When Chickpea is not in 'egg mode' and I take an afternoon nap on the bed, she will eventually come and investigate. I like to nap with a handkerchief over my eyes to keep the light out, so she will land on my chest, pull off the handkerchief and proceed to preen my face until I show evidence of being awake and speak to her. Usually satisfied with the response, she will then return to whatever she was doing. No peace for the idle


----------



## nbdyuknow (Apr 10, 2007)

Most of you probably have heard more stories of Sophie's "antics" that you ever would like. I did post several videos of her on YouTube, so if you're interested in seeing them, you can type "Sophie the Pigeon" in the search box. I will also give the link to one of them here, and you can use it to find the others. 

PS. Some big news is coming soon.

http://www.youtube.com/watch?v=PInCwz7RK18

Bill B.


----------



## doveone52 (Aug 3, 2009)

nbdyuknow said:


> Most of you probably have heard more stories of Sophie's "antics" that you ever would like. I did post several videos of her on YouTube, so if you're interested in seeing them, you can type "Sophie the Pigeon" in the search box. I will also give the link to one of them here, and you can use it to find the others.
> 
> PS. Some big news is coming soon.
> 
> ...


Sophie is sooo adorable!


----------



## Podgy's Mum (Nov 21, 2010)

*These stories are great! Keep em coming!*

AHA! So Sophie's 'humans' write here too! YAY. I have seen most of your video's when I searched for how to give a pigeon a bath. I especially liked her bath routine. She is a character that one. Wish I could meet her. 

John, Chickpea sounds lovely. I think it is amazing how our Pidgy's search for us and want to be where we are. Nowhere is 'safe' 

Regards,
Dana


----------



## Lexygurl (Jun 28, 2007)

I love these stories! They make me reminisce about my old feathered room mates.


----------



## sonic-skywalker (Aug 20, 2014)

*Silly Bird*

I have a homing pigeon named Russet, Russy for short. She's kind of crazy. My cat and bird have always gotten along...well it's a love/hate relationship. My cat misses my bird when she's in her cage for too long. My cat is a mouser and doesn't care for eating birds, especially big ones that can take her on!

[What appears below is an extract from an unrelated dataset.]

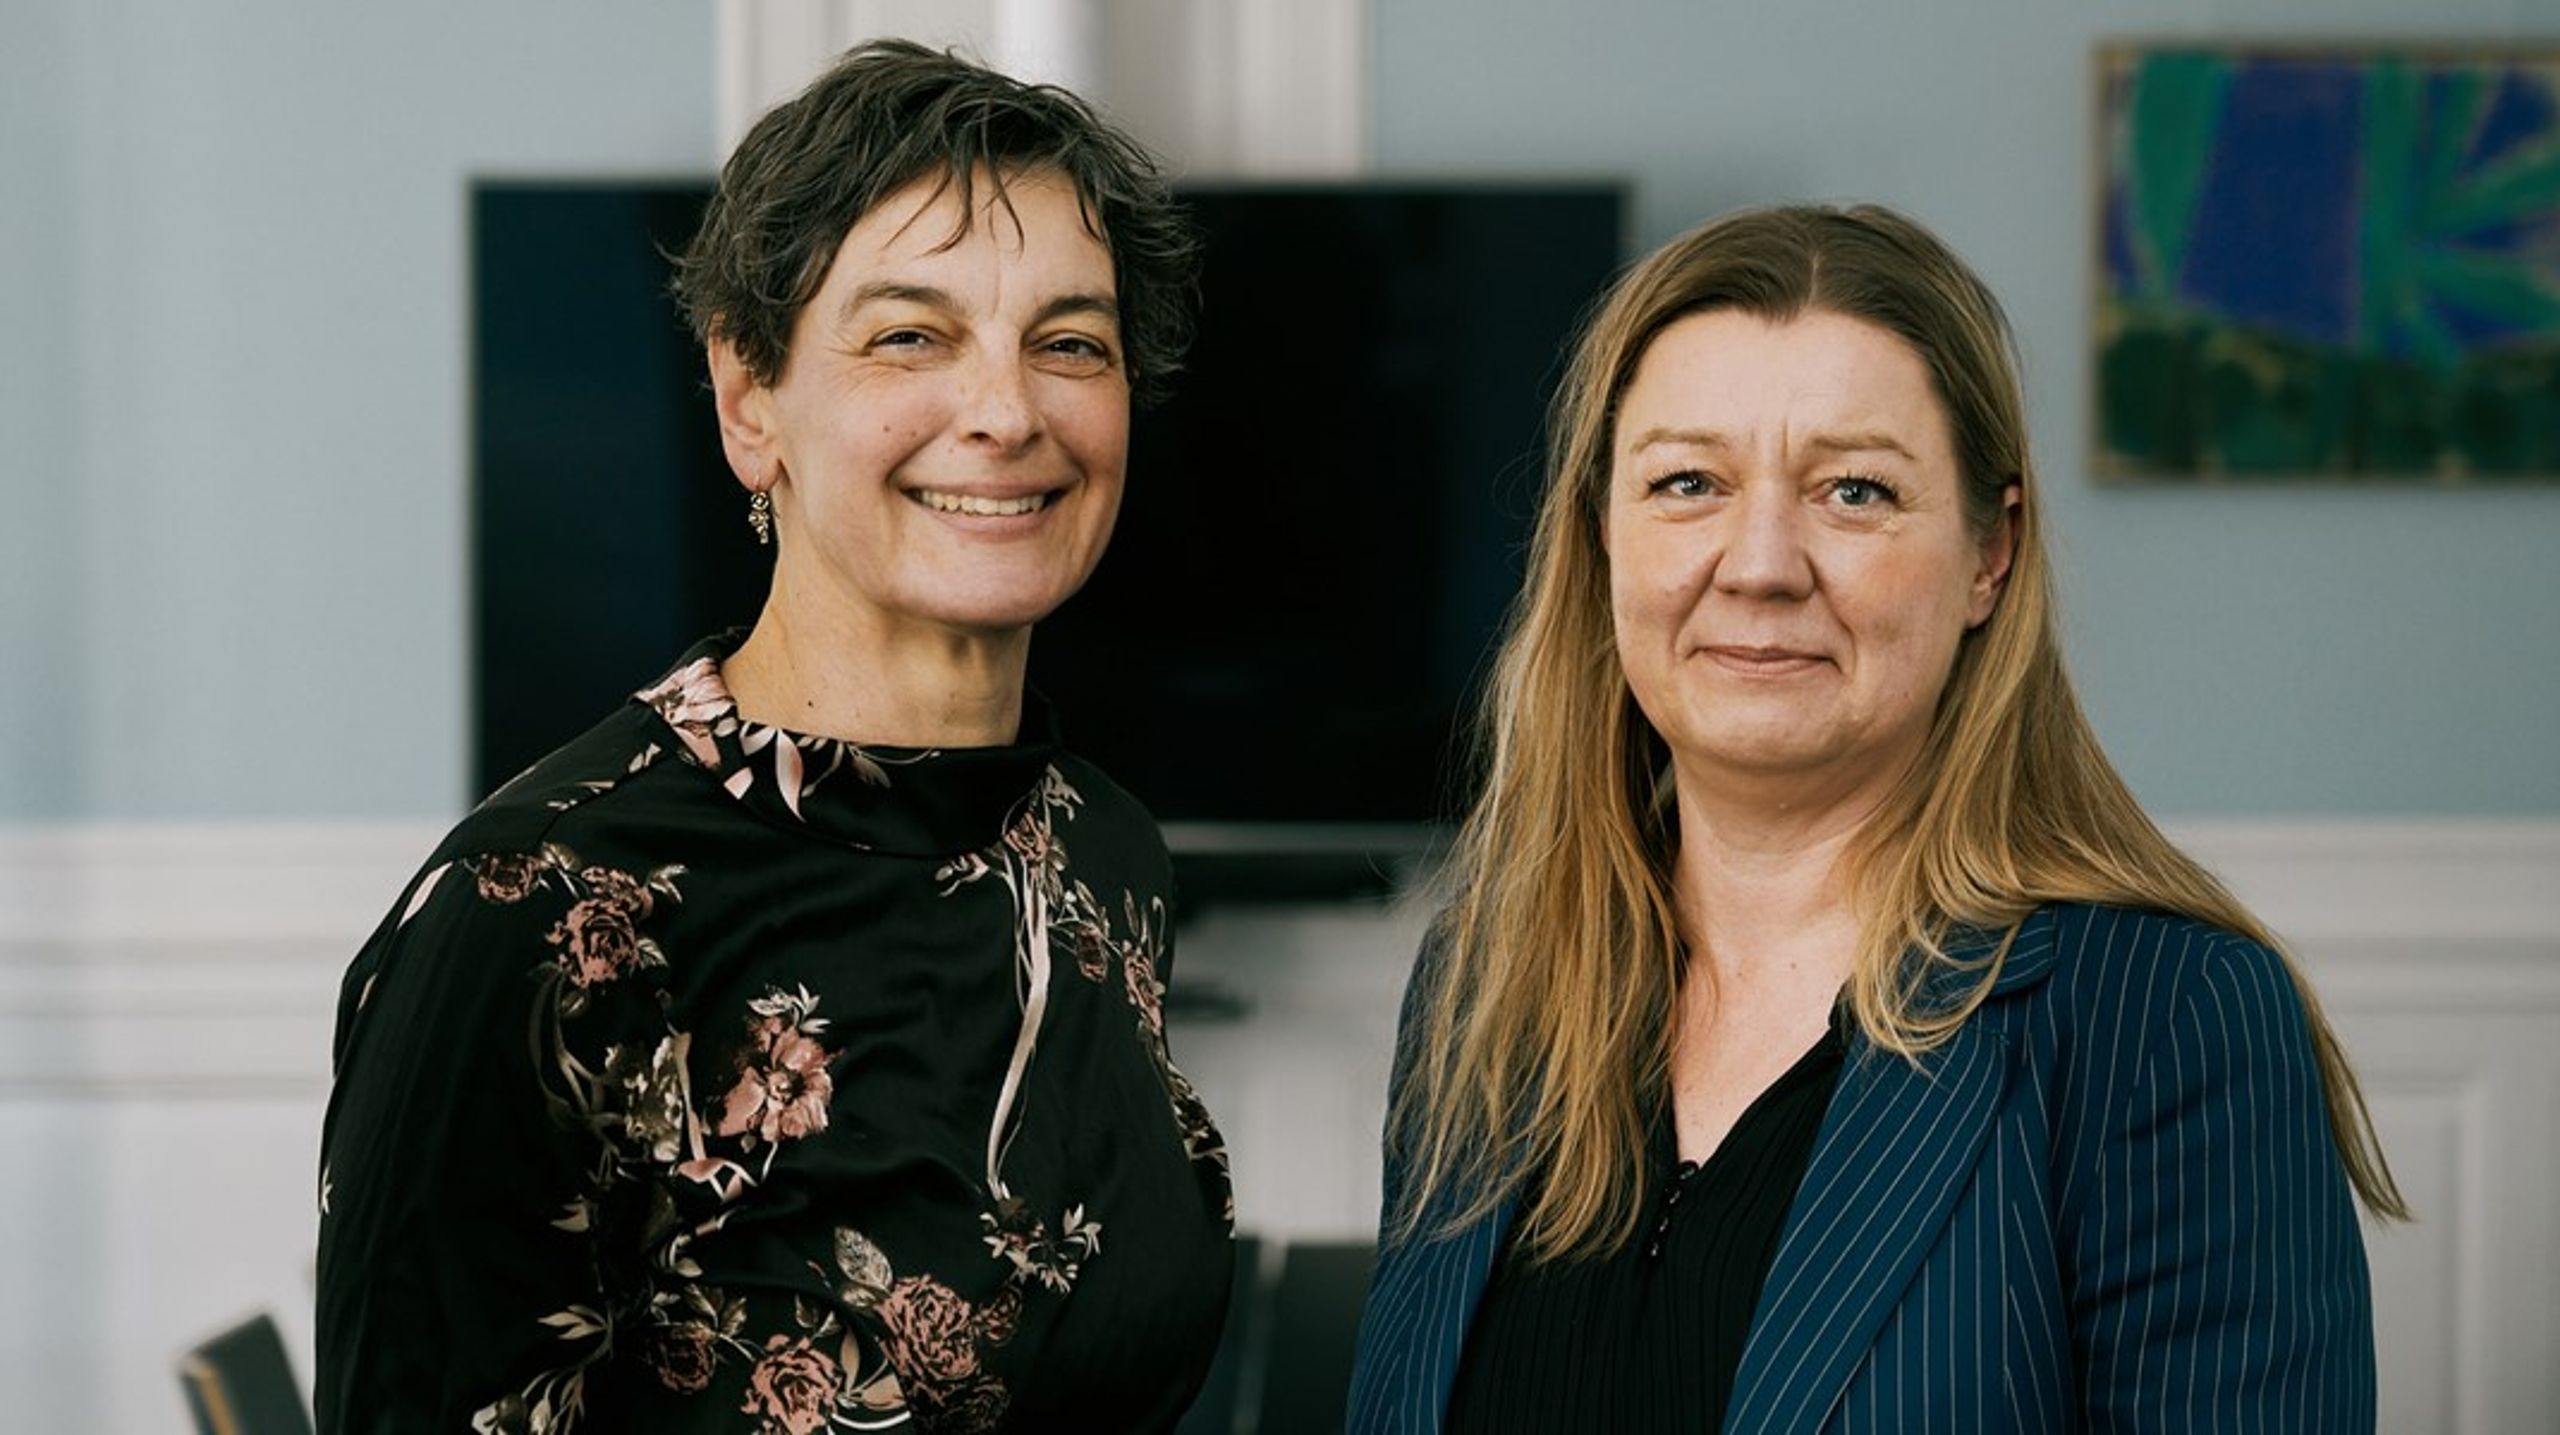 Sara Vergo og Tine Johansen har som formænd for henholdsvis Djøf og Dansk Journalistforbund indgået et samarbejde om et advisory board, der skal afhjælpe tillidskrisen mellem embedsfolk og journalister.&nbsp;

My bird bonds a lot when she gets to sleep beside me. I woke up on morning to my bird sleeping by my knees and my cat sleeping at my feet. They just looked at me when I sat up and then they went back to sleep.

Another time, I was sitting on my bed reading. My bird was walking around on the floor and my cat was just lying there watching her as always. Then my cat got up and left the room. The door automatically closed but not latched. My bird went around just pecking at the carpet. She got close to the door and the door suddenly swung in and almost hit her in the beak! The surprised look on her face as she ran backwards was hilarious! Nothing happened for a while and I think she forgot because as soon as she went close to the door the same thing happened again! And three more times after that! After laughing so hard, I opened the door just a bit. There, lying in the hallway, was my cat with her paw against the door. As soon as she heard the bird getting close, she'd just give the door a little nudge!!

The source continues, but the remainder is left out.